__DATA SHOWN__.
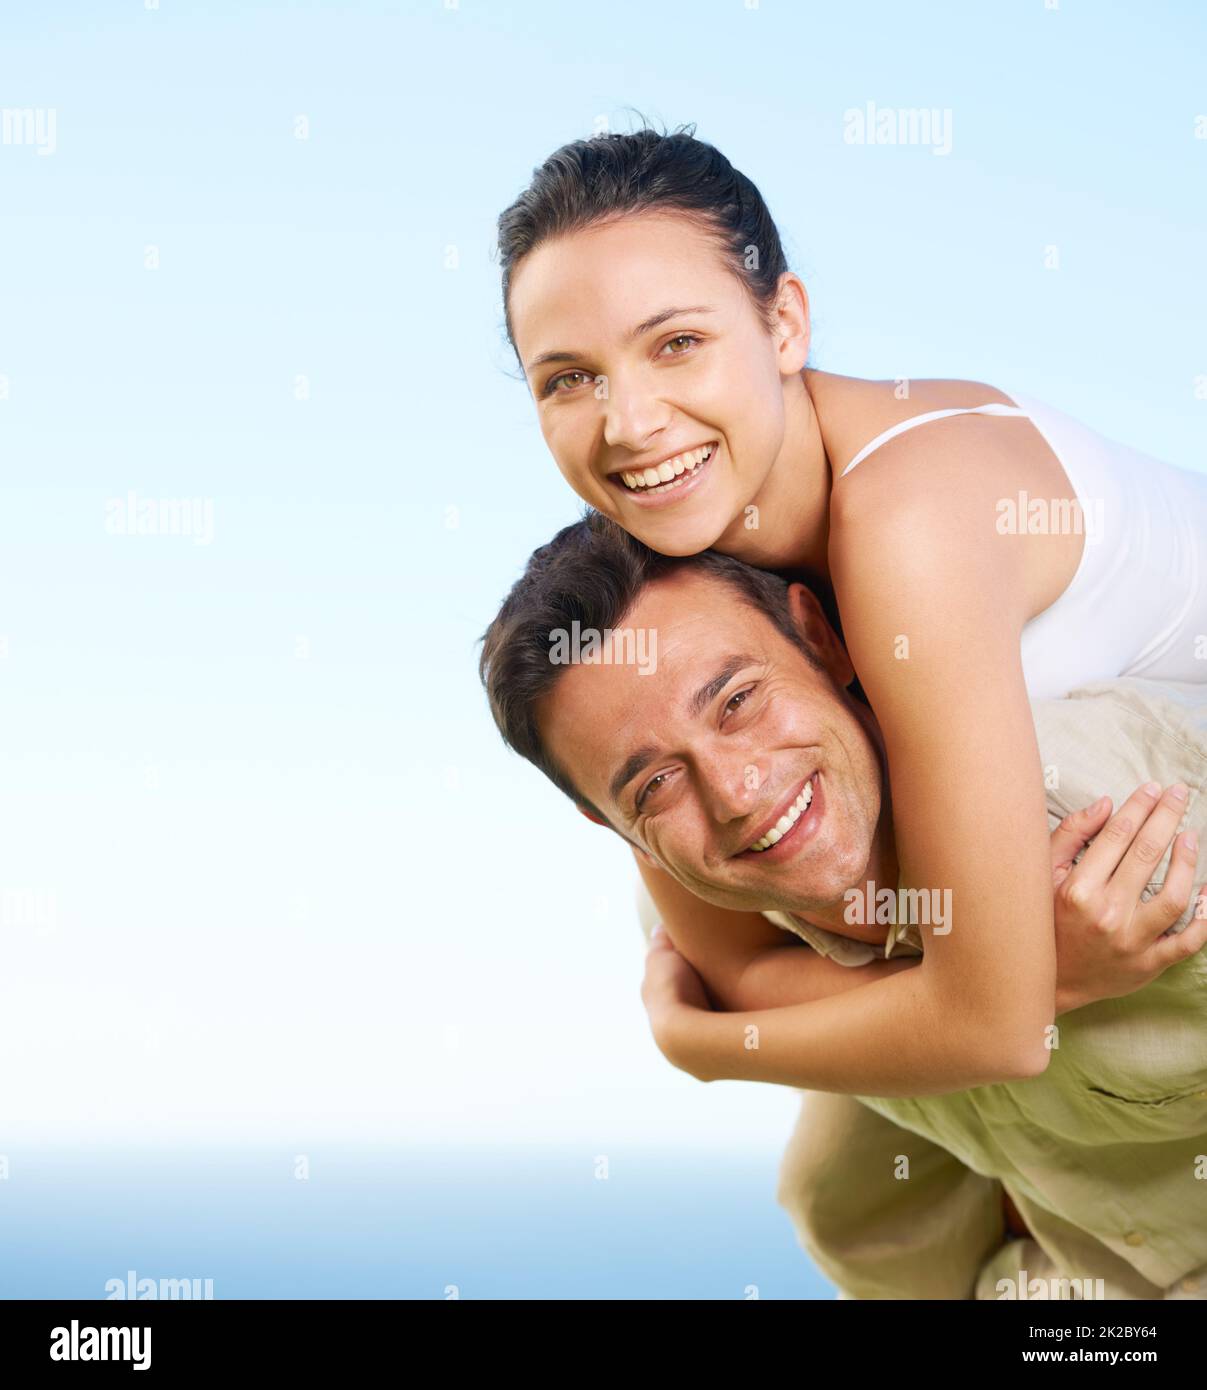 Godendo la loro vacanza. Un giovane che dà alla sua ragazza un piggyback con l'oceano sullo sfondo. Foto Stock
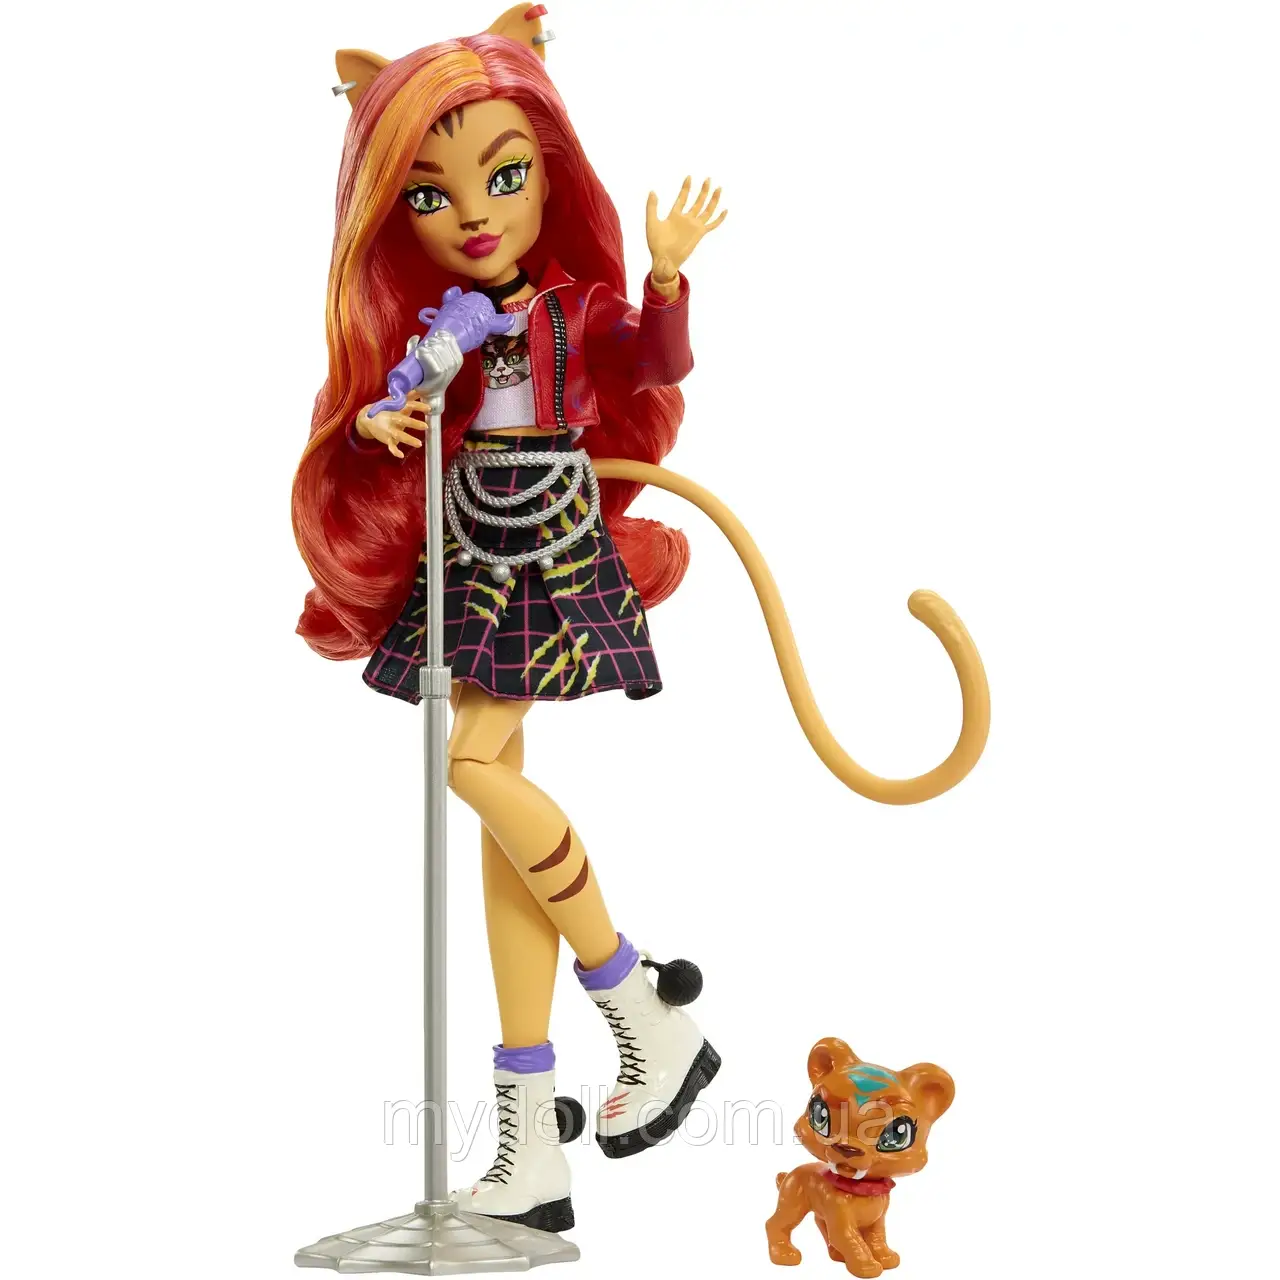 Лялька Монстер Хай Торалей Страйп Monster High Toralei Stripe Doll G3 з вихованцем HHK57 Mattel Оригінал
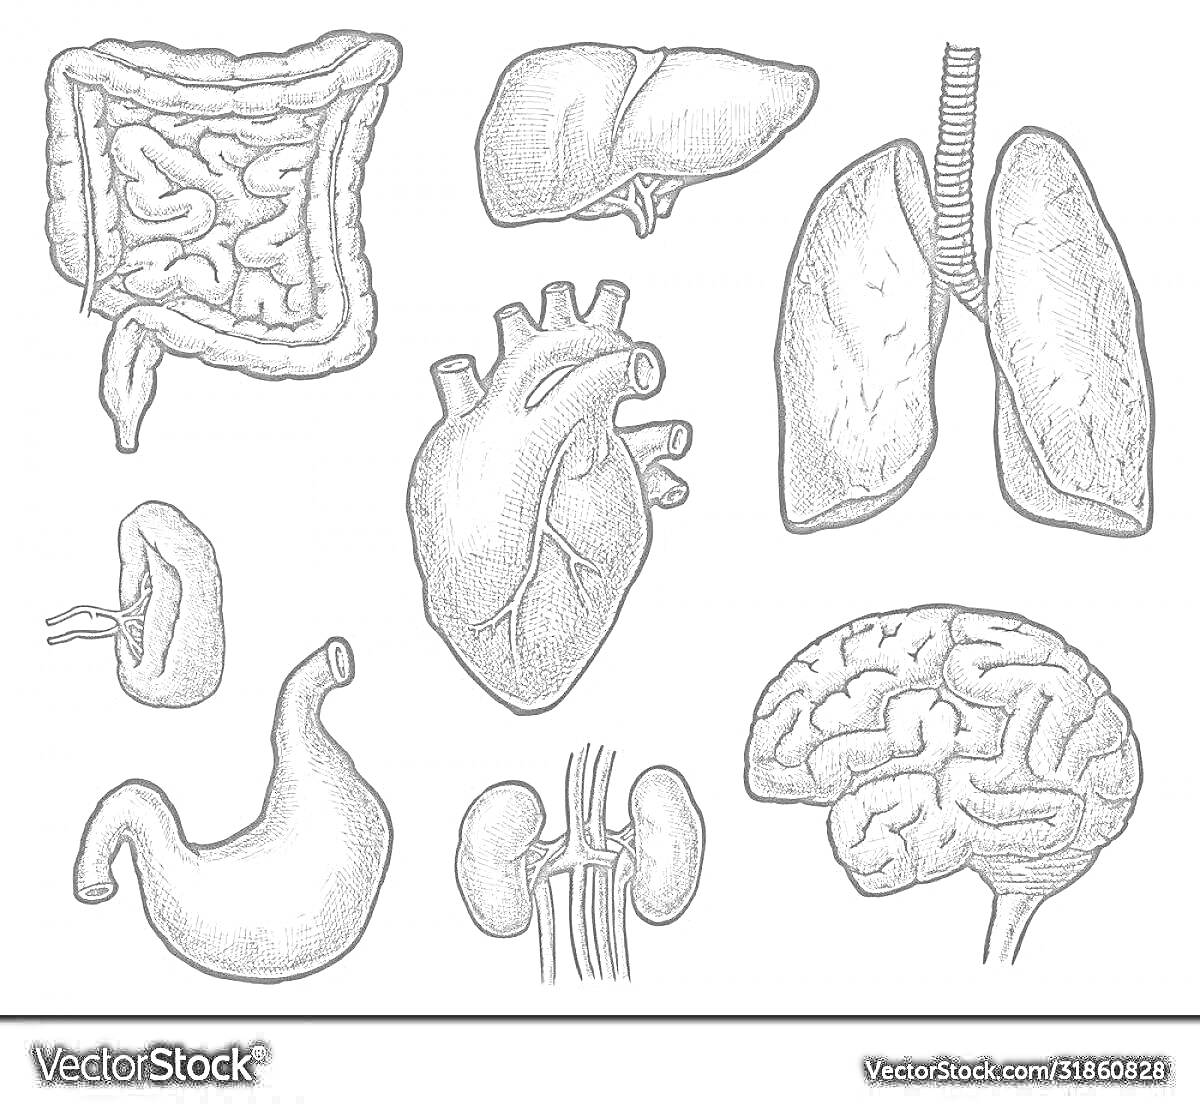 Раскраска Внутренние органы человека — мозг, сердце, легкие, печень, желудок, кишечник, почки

__TRY IT__. An exact transcript is required, covering the lines from the one containing "Лялька Монстер Хай" through the end of the listing above, inclusive, without pictures.

__RESULT OF THE EXERCISE__.
 Лялька Монстер Хай Торалей Страйп Monster High Toralei Stripe Doll G3 з вихованцем HHK57 Mattel Оригінал
 Раскраска Внутренние органы человека — мозг, сердце, легкие, печень, желудок, кишечник, почки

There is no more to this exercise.